The lack of effective targeted therapies for most sarcomas may be partially addressed by augmenting the limited available knowledge of the mutational landscape of mesenchymal tumors, which are much less studied compared with epithelial and neural-derived cancers. To date, genomic studies in sarcoma, such as those coordinated through The Cancer Genome Atlas (TCGA), have been limited by small size, a focus on early-stage disease, few histologies (e.g., liposarcoma, leiomyosarcoma, osteosarcoma), and scant clinical outcomes data15,16,17,18,19,20,21,22,23,24,25,26,27.

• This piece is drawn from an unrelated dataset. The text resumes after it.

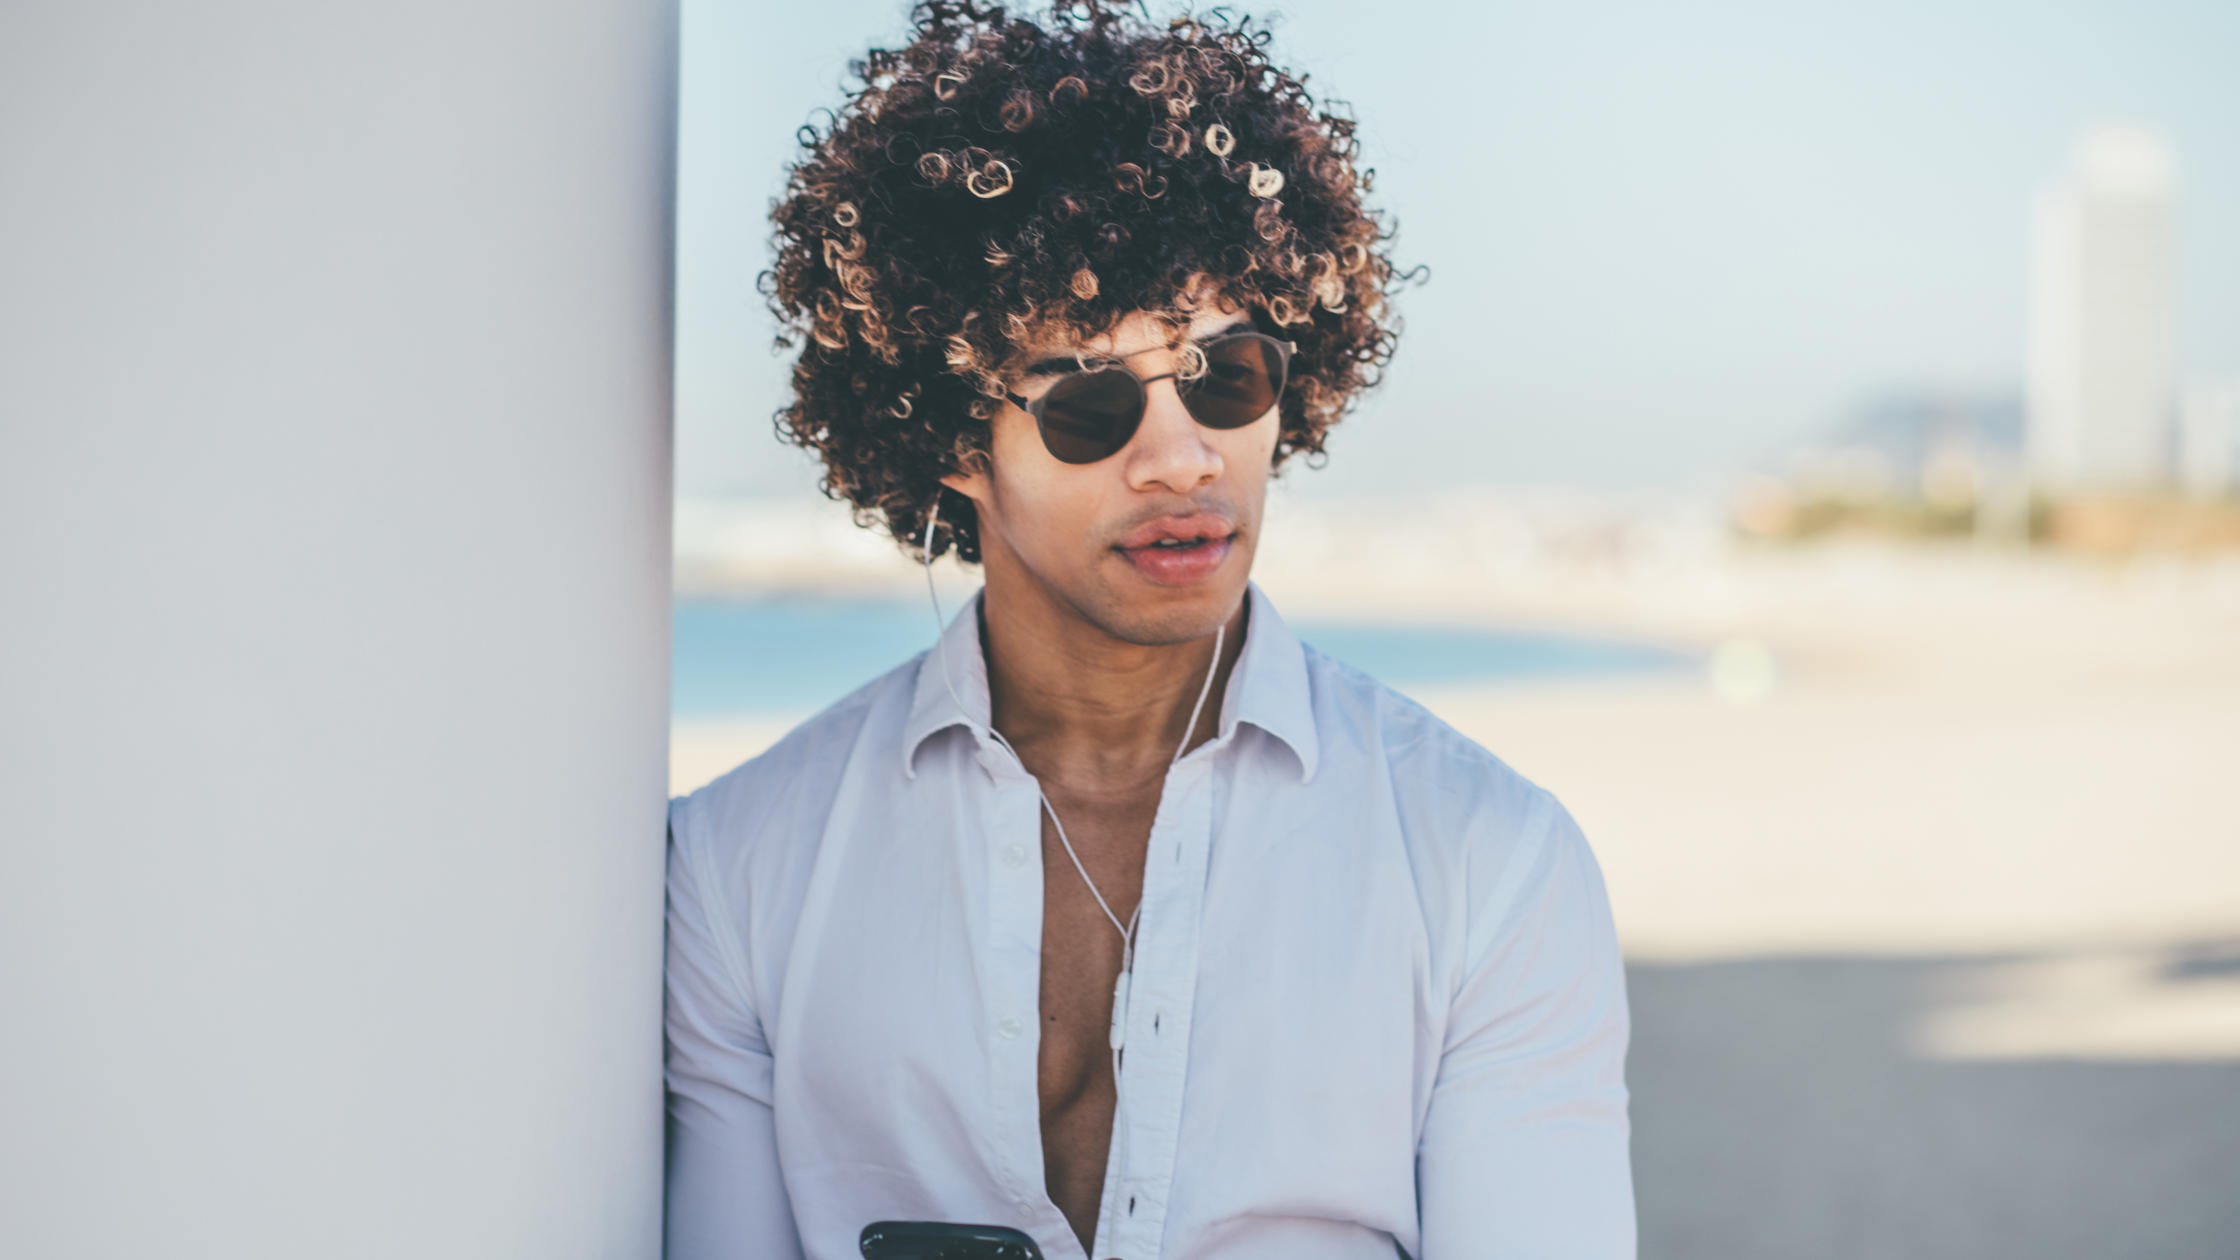 15 Best Hairstyles for Teenage Guys with Curly Hair

In this work, we illustrate the genomic landscape in 7494 patients spanning 44 distinct sarcoma subtypes, revealing the potential clinical utility of targeted next-generation sequencing in diagnosis, prognosis, and management of connective tissue malignancies.

Results

Patient cohort

From 2012 to 2018, 7494 patients diagnosed with sarcoma consented to tumor profiling to help inform clinical management of their disease. Tumor tissue (without normal tissue) was profiled by massively parallel, next-generation sequencing (NGS) of 465 genes, select introns of 31 genes involved in rearrangements, and RNA sequencing (cDNA) of 333 commonly rearranged genes to better identify de novo and rare gene fusions28 using the FoundationOne HEMETM platform (Supplementary Table S1). Soft tissue, bone, and “other” sarcomas represented 81.0% (n = 6067), 14.7% (n = 1105), and 4.3% (322) of the sequenced tumors, respectively, with the most common types being sarcoma, not otherwise specified (NOS) (17.2%) and leiomyosarcoma (LMS) (12.7%) (Fig. 1a; individual sample data in Supplementary Data 1). Based on well-established criteria, we broadly categorized sarcomas as either translocation-associated (n = 1724, 23.0%) or genomically complex and other which either display multiple, complex karyotypes with no specific patterns or harbor specific, recurring alterations (n = 5770, 77.0%)1,2,29 (Supplementary Table S2). Patients’ median age was 53 years (range <1–89 years) and 53.4% were female. Pediatric, adolescent, and young adult (P-AYA) patients, defined as age ≤30 years, constituted 21.8% (1636/7494) of the cohort. Age distribution varied among sarcoma types (Fig. 1b). The mean computational tumor purity was 56.5% and specimens were sequenced to a median depth of 704X (interquartile range [IQR] 515–798X). An average of 3.8 known or likely pathogenic genomic alterations were identified per patient. A total of 28,546 known or likely pathogenic variants (11,536 non-synonymous single nucleotide variants [SNVs]/indels, 13,239 copy number alterations, and 3771 rearrangements) were detected (Supplementary Fig. S1; individual variant calls in Supplementary Data 1). No known or likely pathogenic alterations were detected in 226 (3.0%) samples using this gene panel. Variants of unknown significance were excluded from analyses.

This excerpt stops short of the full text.